しかし、住宅用太陽光発電の市場であるEnergySageの創設者であり、フィデリティ投信の元副社長であるヴィクラム・アガルワル(Vikram Aggarwal)は、ほとんどのプロジェクトは機関投資家からの資金調達をすることができるはずだと述べ、「どのようにしてリターンを生み出すかという方法論をもっていれば、資本が不足するということは考えられません」と語ります。
例えば、Generate Capitalは最近、エネルギーサービス会社のAlturusを通じて、このようなエネルギー効率化プロジェクトに6億ドル(約620億円)の融資を行うことで合意しました。
言い換えれば、WOZXが必ずしもエネルギー効率化の市場を覆すわけではないということです。

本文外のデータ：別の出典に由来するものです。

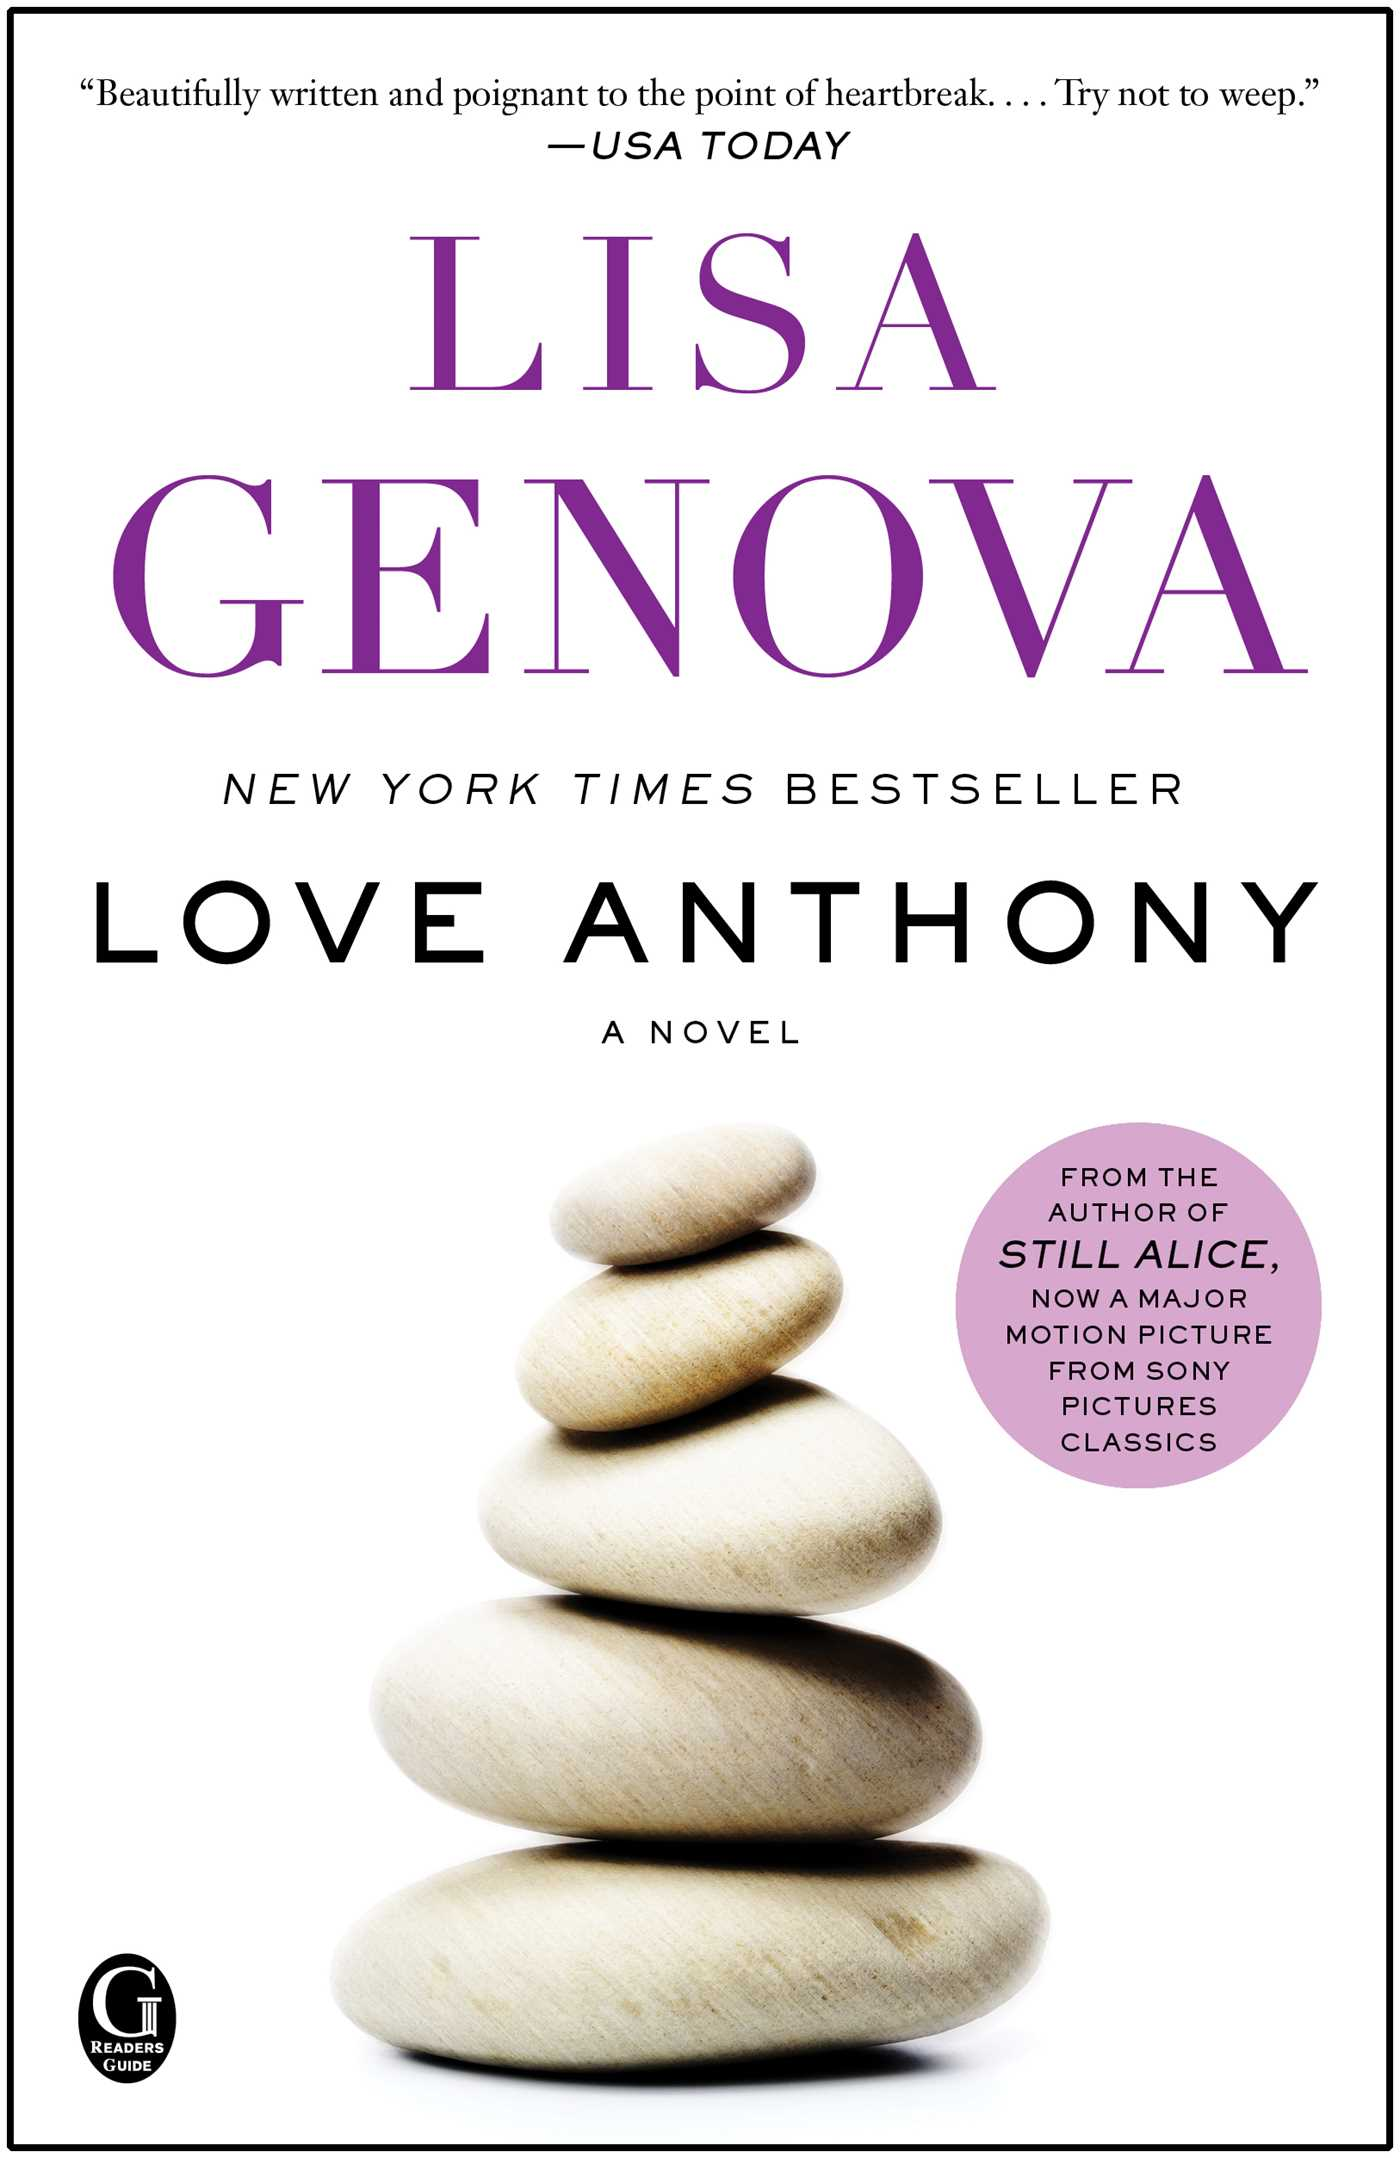 Love anthony 9781439164693 hr

アガルワルは、利用可能なプライベート・エクイティの膨大なプールは、Efforceの暗号通貨によるアプローチの複雑さを正当化するものではないかもしれないと主張しています。「わたしの頭のなかでは、ブロックチェーンは放送禁止の4文字の単語になってしまっています。ここ数年、わたしたちに近づいてきた誰もが、『自分はブロックチェーンの専門家だ』と言っているように見えます」
しかし、ウォズニアックは信じています。「ウォズニアックは、ビットコインが世界の単一通貨になることを望んでいる」とCNBCが報じた2018年以来、彼の暗号通貨への野望は、さまざまな憶測を呼んでいます。その後、英国の男爵夫人が設立した、暗号通貨ベンチャーにウォズニアックが参加したと、『Financial Times』は報じています(このベンチャーは後に破綻しました)。

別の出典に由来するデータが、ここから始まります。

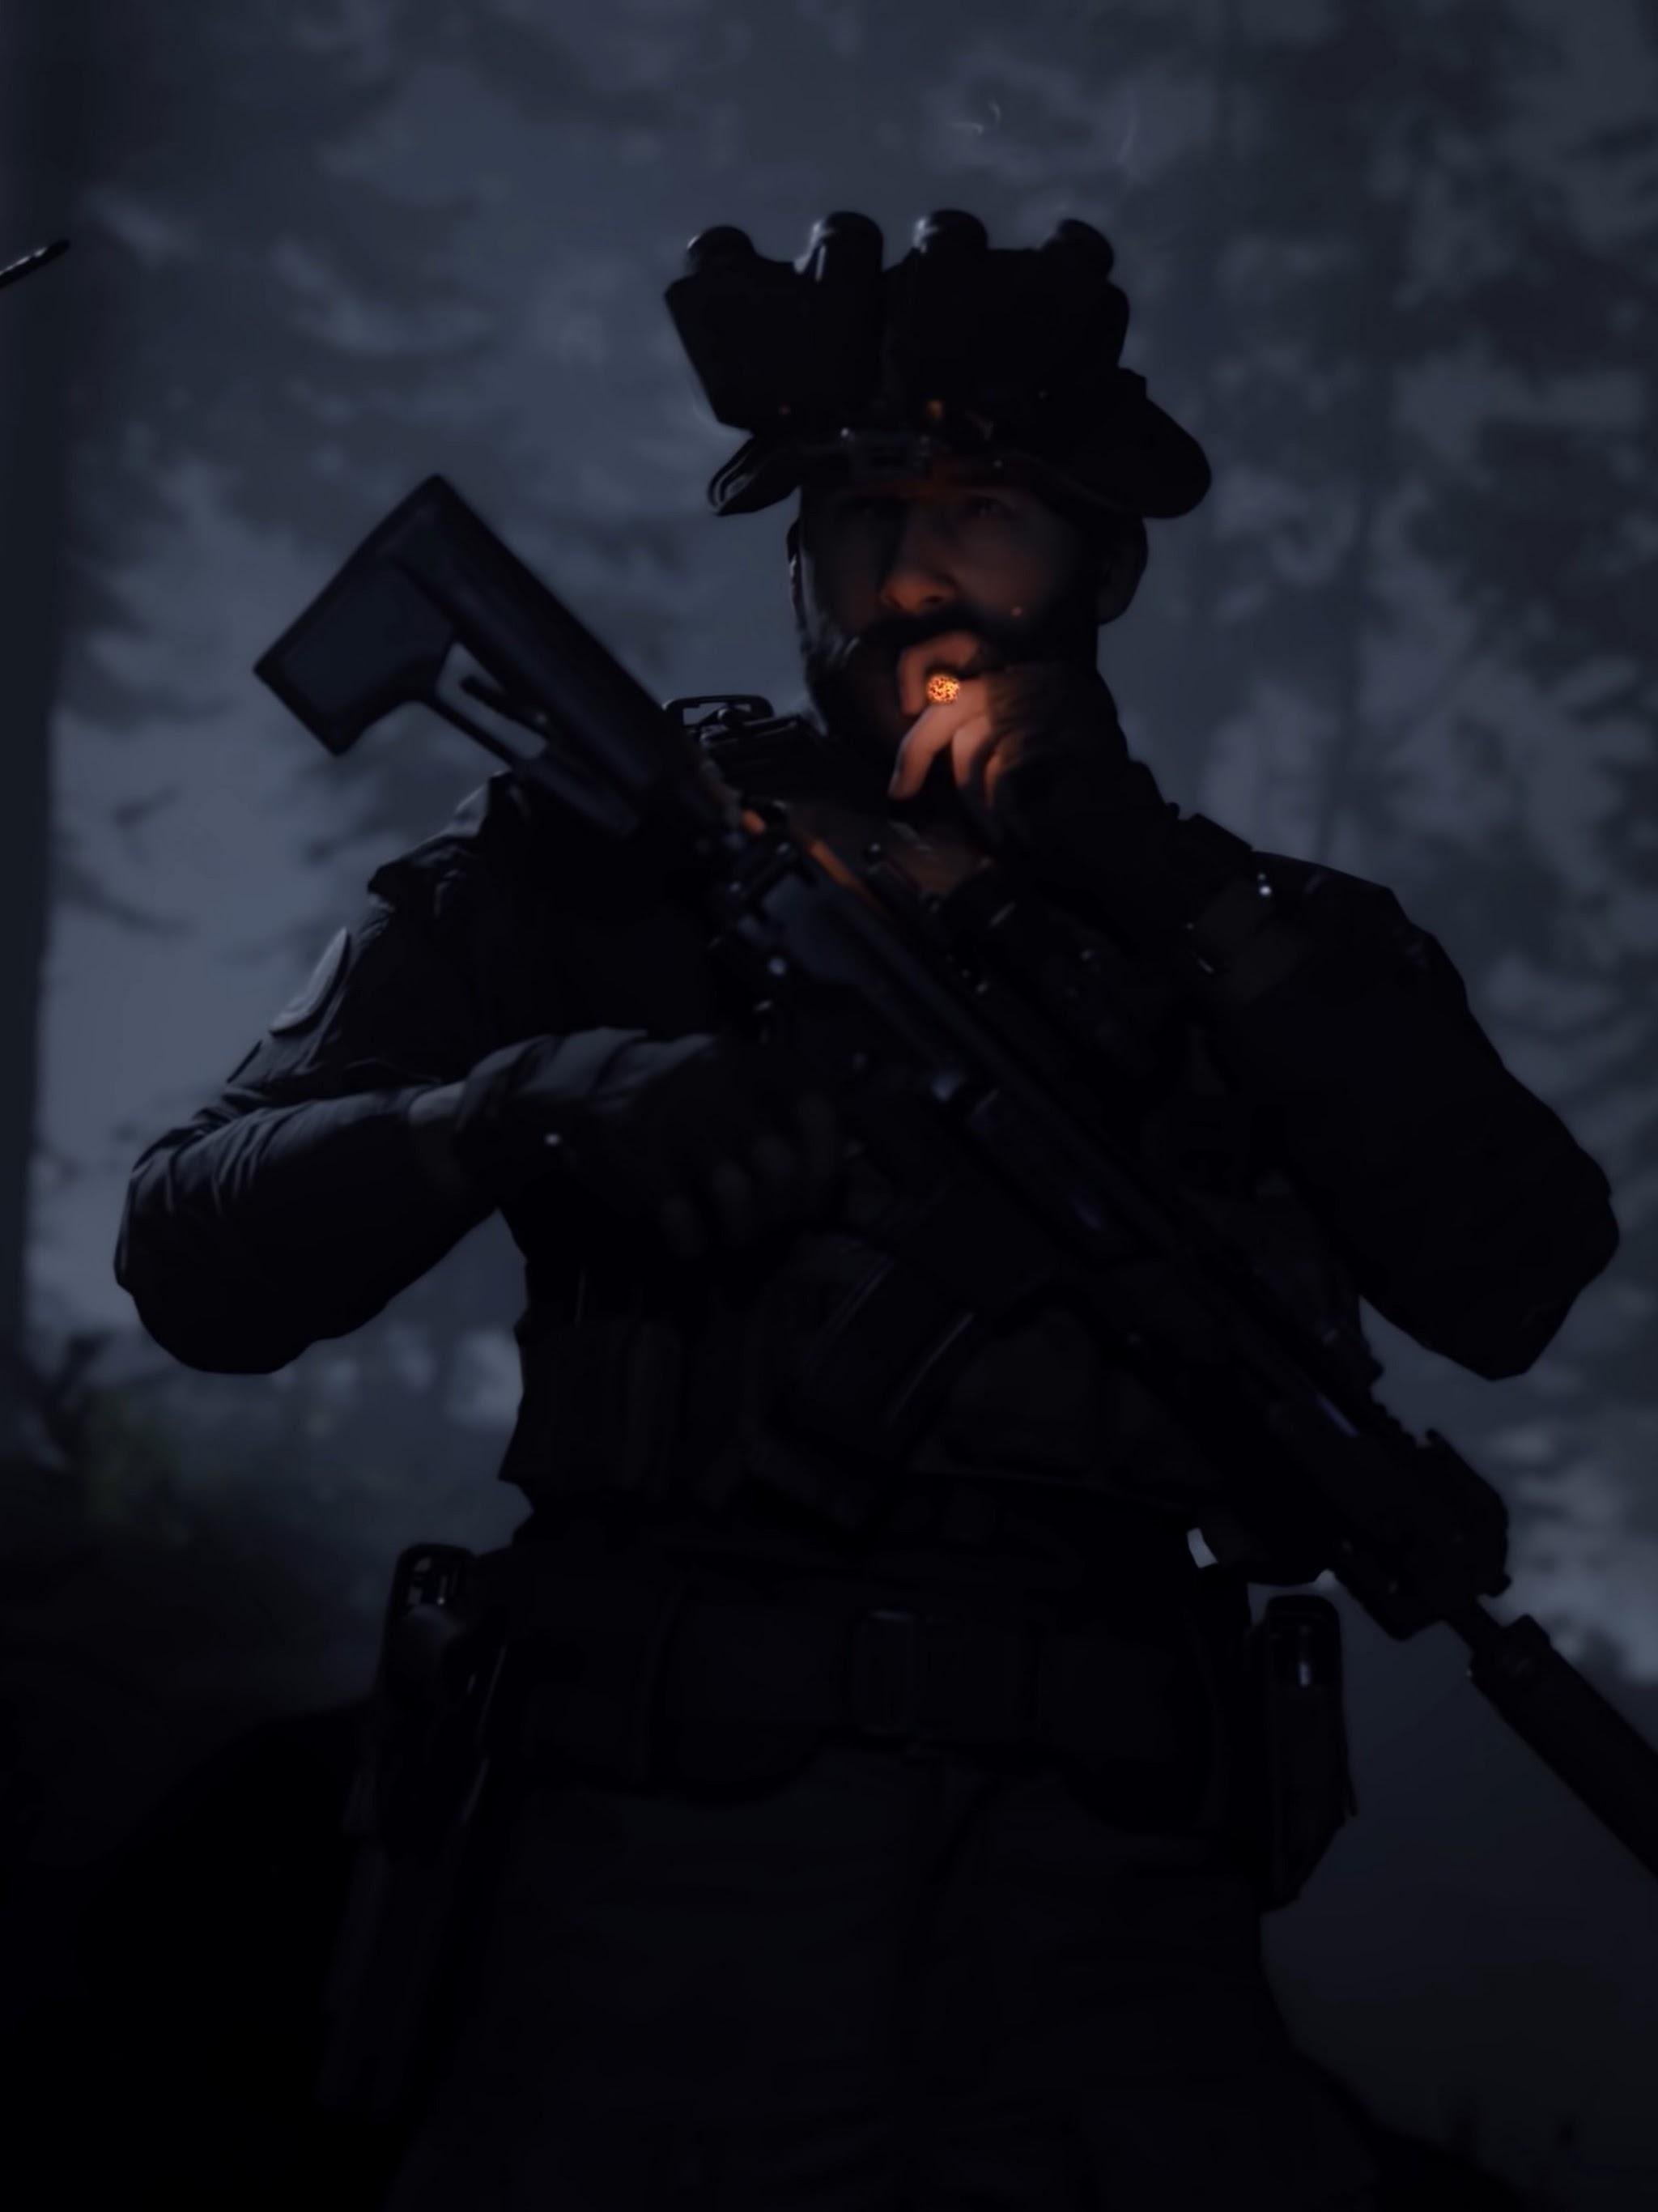 Call Of Duty Modern Warfare Captain Price Smoking 4k Wallpaper 5

他の企業がブロックチェーンの取り組みに失敗するなか、ウォズニアックがWOZXを支援していることは、成功の可能性の根拠にもなっています。
2019年、Efforceは5,300万ドル(約55億円)もの資金調達を試み、失敗しています。同社は、この技術が「産業レベル」になるまで、ウォズニアックが共同創業者であることを公表するのを伏せていたと述べています。
現在、Efforceは、上昇するWOZXの価格によって、10億ドル(約1,040億円)以上の評価額になっていると主張しています。